Fine Arts Professor Returns To York With ‘Diva’ Collection

By Brittney Adamson, York Journalism Major. Cold wax covers the canvases and the back of her paintbrush etches the lyrics of Beyoncé’s “I’m a Diva” in the background of the painting entitled, “Bamana Beyoncé.”
Fine Arts Professor Returns To York With ‘Diva’ Collection

Dr. Margaret Rose Vendryes and President Dr. Marcia V. Keizs

This painting is one of the pieces featured in Dr. Margaret Rose Vendryes’ exhibit, “33 1/3: Side Two, the African Diva Project Continues.”

The well-received exhibit opened on October 24 in the York College/CUNY Fine Arts Gallery when York’s president, Dr. Marcia V. Keizs, hosted a reception to celebrate art and artist alike.

Dr. Vendryes showcased 21 paintings of black female music soloists, including Diana Ross, Lena Horne and Tammi Terrell, Jody Watley, Jessye Norman, Kathleen Battle and even, Rupaul.  Each diva on a square canvas was modeled after a 12-inch LP (Long Playing) vinyl album cover.  And in each painting the diva wears an African mask, chosen by Vendryes either to fit her character or because it was visually compatible with “the diva’s” image.

“I started putting the masks on the faces of the divas when I looked at Donna Summer on the cover of her “Four Seasons of Love”album,” said Vendryes. “She had on so much makeup sort of like a mask.”

From then on, Vendryes began to think about how women transform themselves with makeup to be seen in a particular way.  She decided to replace that mask with a more literal one.

This was the birth of side one of the African Diva Project.  However, the title came later when she saw Aretha Franklin in a Snickers commercial.

“She was sitting in the back seat with these boys, and complaining and they said to her stop acting like a diva,” said Vendryes.  “That’s when it hit me. Aretha really had me thinking of what it means to be a diva.   Do you have to be a woman with attitude or someone with great talent? That’s what these women are and the African part came about because they are all of African descent.  These are the types of masks that they will never be able to wear.”

In Africa, the masks are almost exclusively worn by men to represent powerful female deities and ancestors.  Now the female soloists’ wear these masks either painted on paper, and applied to the canvas or mounted directly on top in the place of her face.

“All of this is gender bending,” said Vendryes.   If I put a mask that men wore on a female, I would have to put a mask worn by a female on a man, as is the case with Rupaul, who wears the only mask women perform in, in Africa.

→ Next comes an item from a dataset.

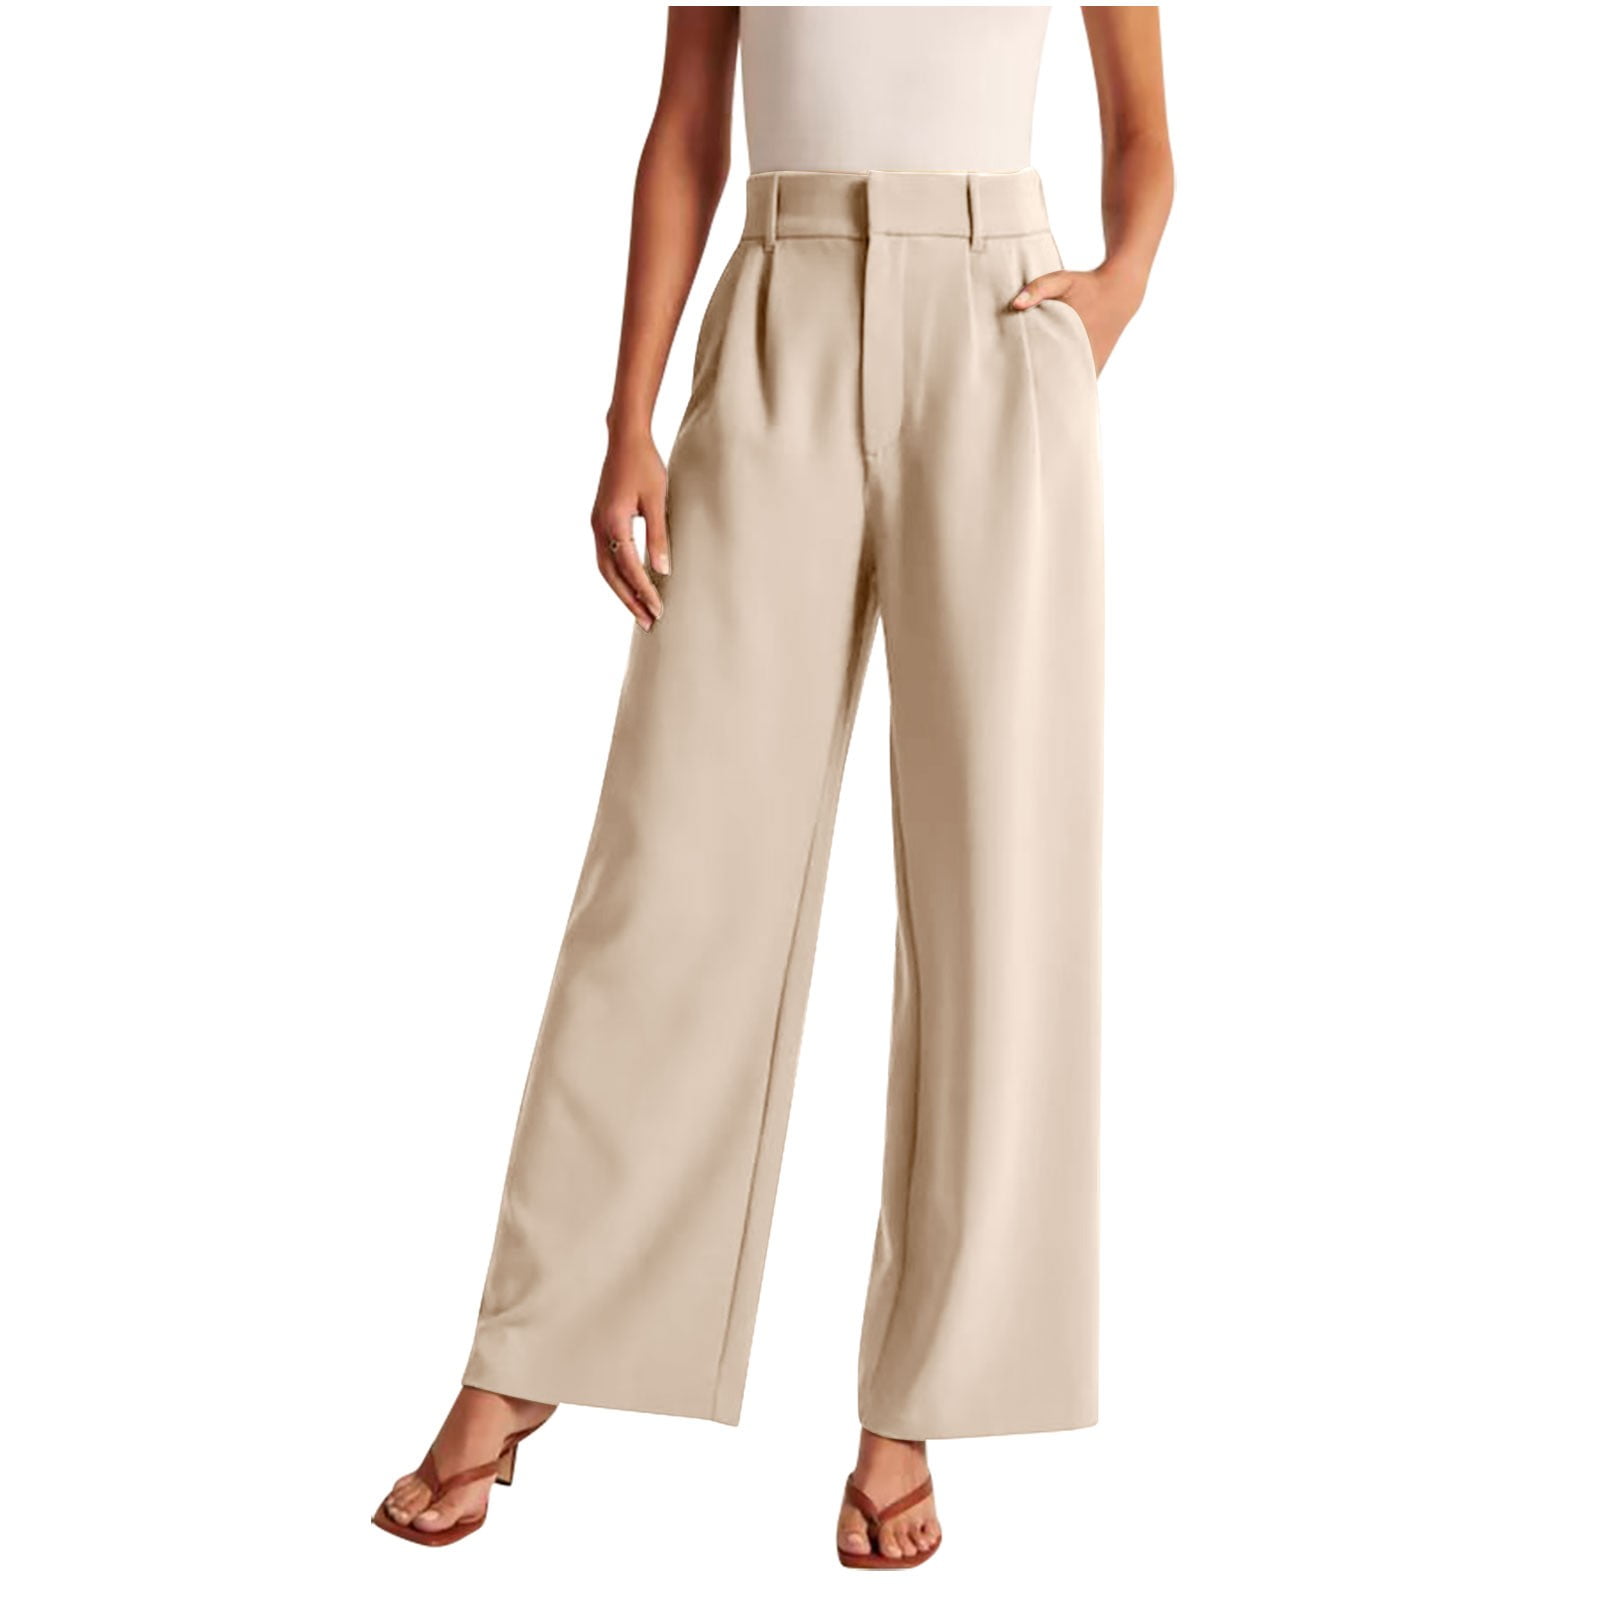 Booker Women Wide Leg Pants For Women Work Business Casual High Waisted Dress  Pants Flowy Trousers Office - Walmart.com

Side two of the project is still a work in progress.  It is covering new artists off of CDs now instead of vinyl -- like Beyonce and like her current painting, Janelle Monae.

“I started listening to more popular voices now when making side two, which is how Beyonce came about,” said Vendryes.  “But I do want York students to know that there is art and beauty in everything and that they should respect the talents and efforts of the folks that are coming up and the folks that have already been here.”

Vendryes was a tenured professor at York College from 2000-2007 before leaving to work on the Diva Project.  Now she’s back as Distinguished Lecturer of Fine Arts and Director of the Fine Arts Gallery at York. She will also be teaching courses on Curatorial Practices and Gallery Management, Contemporary Art, African Art, and African-American Art.

“I am so happy to be back, I know that I belong here,” said Vendryes.  “Now that I am a hybrid professor I have the opportunity to continue my art and teach.”

She is not alone in that sentiment.

“It’s good to have Dr. Vendryes back at York,” said President Keizs. “As both painter and professor, she has been among York’s finest; and I am happy she decided to come home. I am also delighted that she has brought this phenomenal body of work back with her to share with the campus and the broader community.”

The exhibition will run through December 2nd. For those wishing to see more, the professor will also be hosting an artist’s discussion, “Let’s talk about African Divas,” which she says will feature some of the divas (paintings) from the exhibition. This event will take place on November 12 during the Club Hours in Room 1M07.